One of the best dollars I've ever spent too.


----------



## benny

Beastie Boys -Paul's Boutique, cassette in green plastic

not my first music, but the first I bought for myself


----------



## Darth SQ

Crap, I forgot about 45s.
I'll go back and edit it.
Also, I had to update my lp record since you jogged my memory. 
I also added a few more video formats as well.
Thanks! :thumbsup:


Bret
PPI-ART COLLECTOR


----------



## benny

I used to hang around the local arcade to scoop up the old 45s coming out of the jukebox when they swapped in new stuff


----------



## IBcivic

1st 45 rpm> Roxy Roller by Sweeny Todd
1st 33 rpm album> Cheap Trick, live at Budokan
1st cassette>Van Halen, Van Halen
1st cd>Metalica, And Justice For All


----------



## ISTundra

Dating myself here...

First LP: Abba -Greatest Hits. Remember buying it at Sears in '76 for $4.99, a lot of coin at the time for an 8 yr old.
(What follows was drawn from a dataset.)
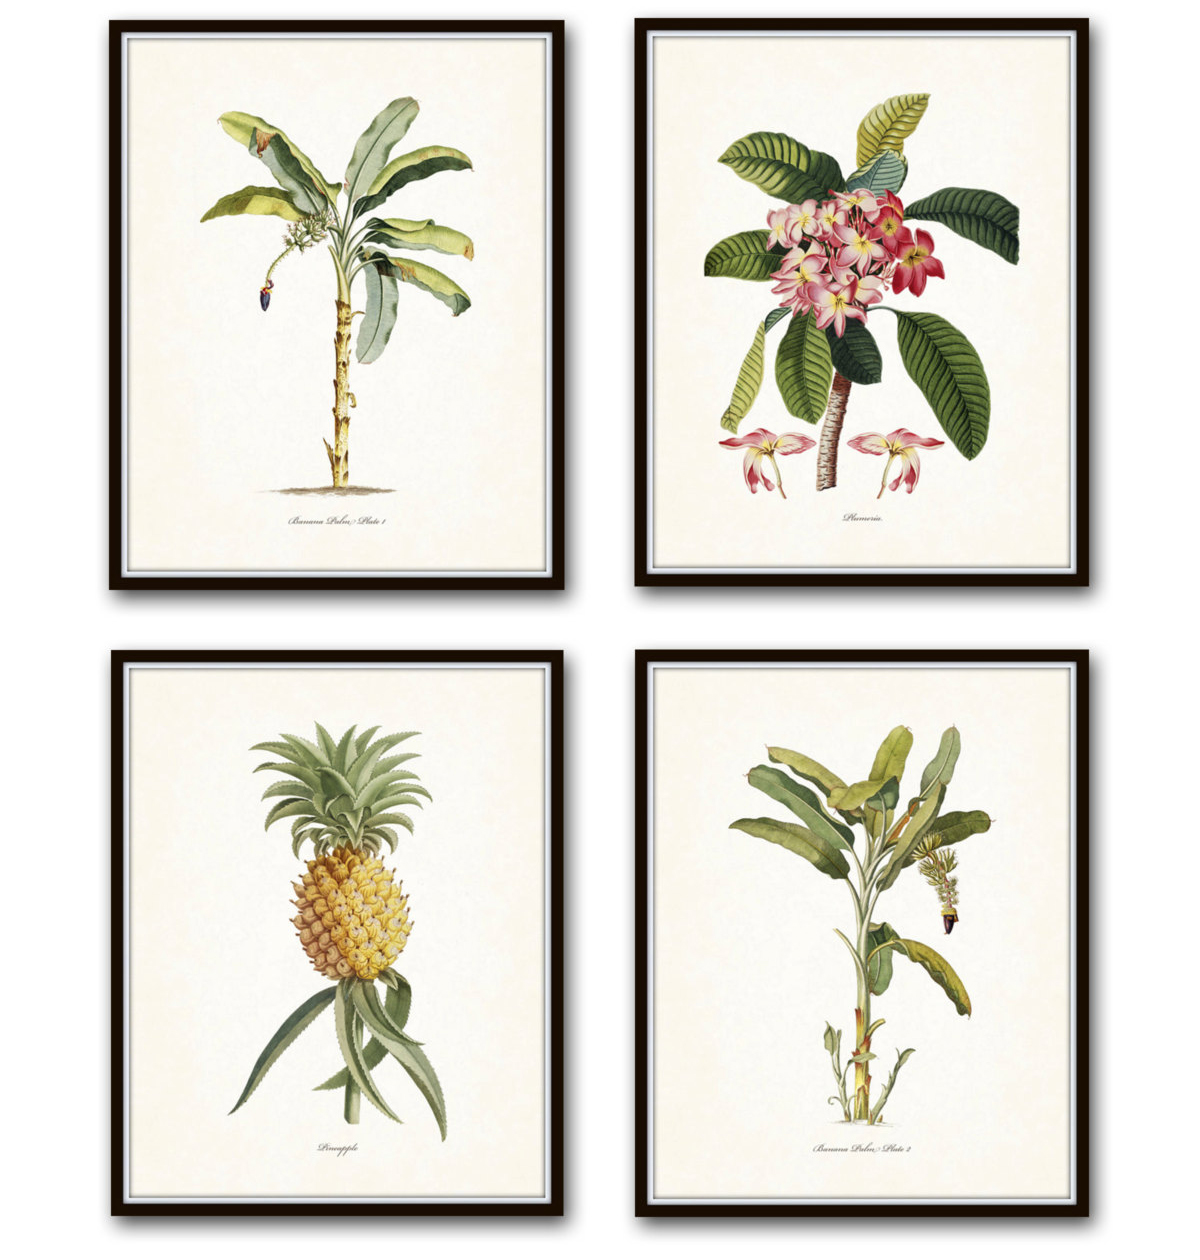 Vintage Botanical Prints from Belle Mer Graphics on Etsy

First 45: May have been Rod Stewart - Tonight's the Night, circa '76


First 8-track: CW McCall - Black Bear Road. This had "Convoy" on it. Remember playing the **** out of this. Who can forget 8-tracks that switched tracks right in the middle of a song. I think this was my only 8-track.


First cassette: Don't recall for sure, might have been Night Ranger's Dawn Patrol or Def Leppard Pyromania circa '83

First CD: Scorpions - World Wide Live '85, although the first song I ever heard on CD was Supertramp's "Dreamer" from the Crime of the Century CD.


First concert: Rush - Signals Tour '82 in Evansville, Indiana (just saw them again last month in Phoenix on the Clockwork Angels Tour)

A couple of lasts...

Last LP purchase: Dokken - Under Lock & Key '85. Been resisting the urge to get back into vinyl lately

Last cassette: Eric Clapton - Change the World single '97


----------



## marvnmars

1st lp. Paul McCartney and wings venus and mars
1st 45 hey jude the beatles
1st cassette rarely bought them..made my own from lps usally butbhad to buy fleetwood mac tusk
1st 8 track elton john good bye yellow brick road
1cd steely dan decade, one of the 1st cds I could find. Back then you could only buy cds in hifi stores, all the record stores did not start carrying them until later.
1st all digital recorded cd was either dire straits or sting..been a while..funny thing, I have been buying cds ever since, I now have a room full. One day I should open a used cd store. P.s. apple sucks. I have been seriously putting in mh cd in lossless format, trying to get them all in before 2013 is over, but the cloud does not save them lossless format, only 256k. I asked a "genius" about it on my ladt mall trip..yes that is how the cloud works I was told...fracking ****e I cal it.


----------



## m3gunner

Wow... some great music there... especially the Pilot track... one of my all-time favorites. Little known fact: Alan Parsons produced that album for Pilot and the bass player ended up playing on most of the Alan Parsons Project albums...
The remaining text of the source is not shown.